In rejecting Baker's sufficiency of the evidence claim, the Illinois Appellate Court identified the correct legal standard under Jackson, namely, that "the reviewing court views the evidence in a light most favorable to the prosecution and must determine whether any rational trier of fact could have found the essential elements of the crime beyond a reasonable doubt." People v. Collins 106 Ill.2d 237, 261, 87 Ill.Dec. 910, 478 N.E.2d 267 (Ill. 1985) (citing Jackson v. Virginia 443 U.S. 307, 319, 99 S.Ct. 2781, 2789, 61 L.Ed.2d 560, 573 (1979)). The Illinois Appellate Court further reasoned that:
As charged in this case, the State was required to prove, inter alia, that [Baker] intended to deliver the crack cocaine. Intent is typically proved through circumstantial evidence. Factors that can be indicative of intent to deliver include whether the amount of narcotics is too large to be consistent with personal use; the possession of drug paraphernalia, police scanners, weapons, scales, cellular phones, or large amounts of cash; and the manner in which the narcotics are packaged.
While the amount of crack cocaine seized in this case is not by itself inconsistent with personal use, our review of the record reveals no error in the circuit court's finding of intent to deliver. An officer testified that a man named "D" from the residence sold crack cocaine to a police officer. Sykes identified "D" as [Donnie Baker]. The crack cocaine that [Baker] admitted was his was packaged in 18 small plastic bags, which were split between three larger bags.
Kidwell testified that in his experience, the manner of this packaging indicated preparation for sale, and the storage of such an amount by a user was not typical.
The court found Kidwell's testimony credible and implicitly rejected [Baker]'s claim that the crack cocaine was for personal use, and we find no reason to disturb those credibility assessments. The fact that no other materials were found that could potentially be indicative of intent to deliver does not render the court's finding of intent erroneous. Viewing the evidence in the light most favorable to the State, we hold that a rational trier of fact could have found intent to deliver proved beyond a reasonable doubt.
People v. Baker, No. 3-09-0420, at 3-4 (3d Dist. Apr. 7, 2011) (unpublished) (internal citations omitted).
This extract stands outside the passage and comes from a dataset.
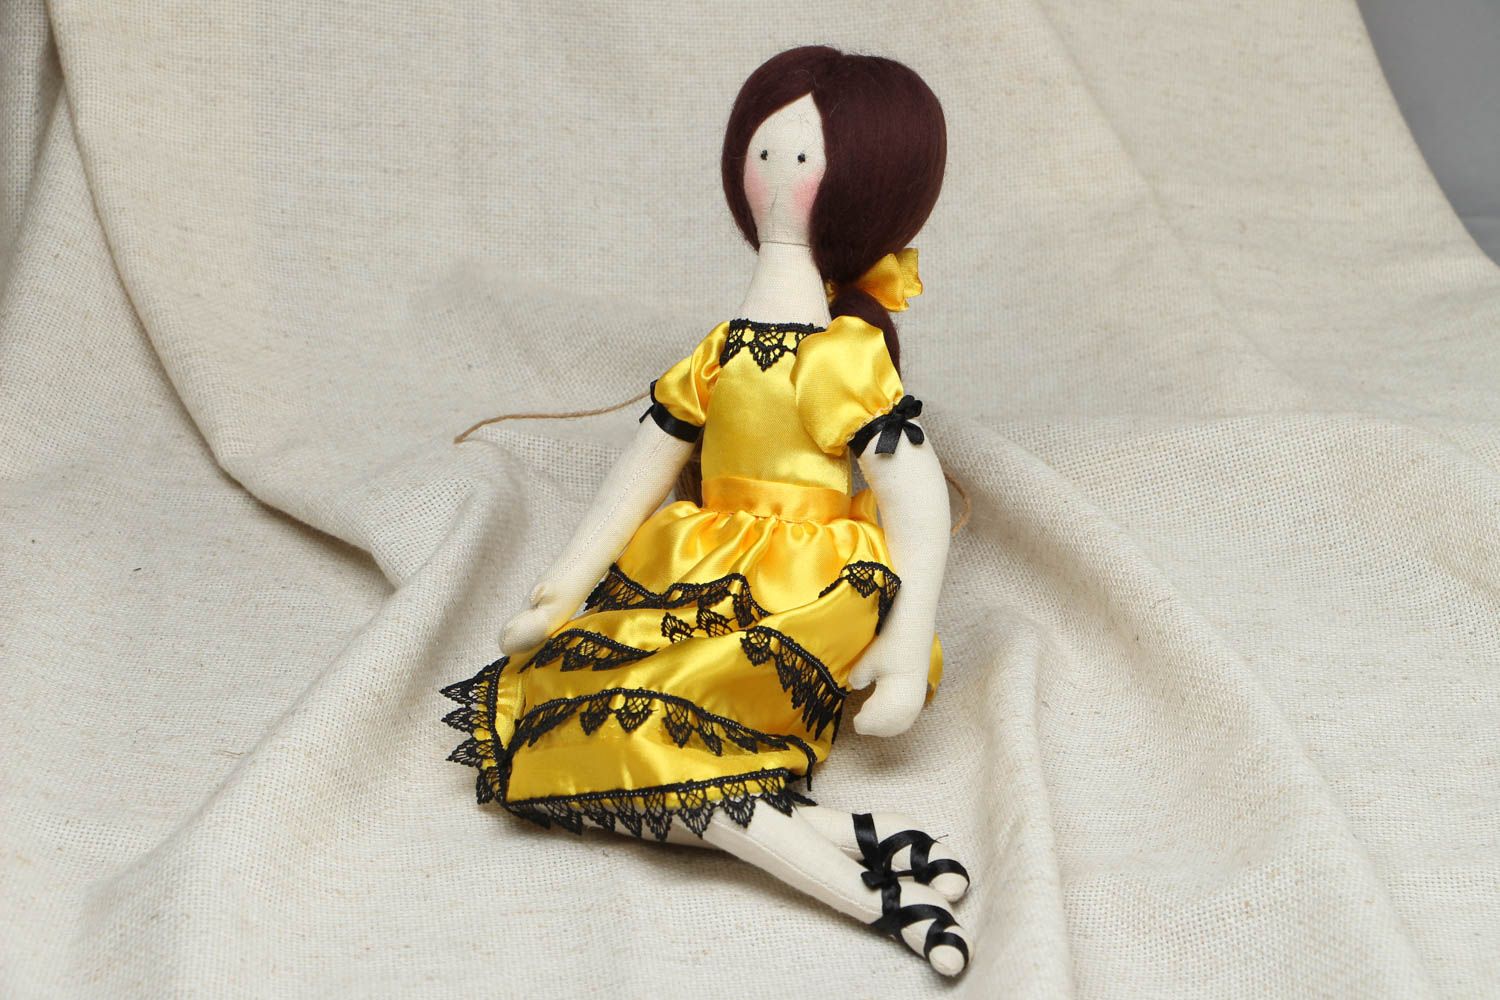 Handmade doll sewn of natural fabrics photo 1

Applying the appropriate legal rule under Jackson, the Illinois Appellate Court's decision was not "well outside the boundaries of permissible differences of opinion," see Sussman, 636 F.3d at 361, and thus was a reasonable application of Supreme Court law. In particular, the Illinois Appellate Court focused on the element of intent to deliver when analyzing the evidence underlying the Circuit Court's decision, including Officer Kidwell's testimony based on his years of experience in narcotics-based arrests. The appellate court recognized the trial court's credibility determination concerning Officer Kidwell and his testimony that the manner in which the narcotics were packaged indicated that Baker had the intent to sell the crack cocaine. Further, there was evidence in the record that Donnie Baker or "D" had sold crack cocaine to an undercover police officer. The Illinois Appellate Court, viewing the trial evidence in a light most favorable to the prosecution, then concluded that a rational fact finder could have found intent to deliver beyond a reasonable doubt. This conclusion is consistent with the facts and circumstances of this case. See Williams, 561 F.3d at 746. Accordingly, the Illinois Appellate Court's decision did not amount to an unreasonable application of Jackson. The Court therefore denies Baker's habeas claim.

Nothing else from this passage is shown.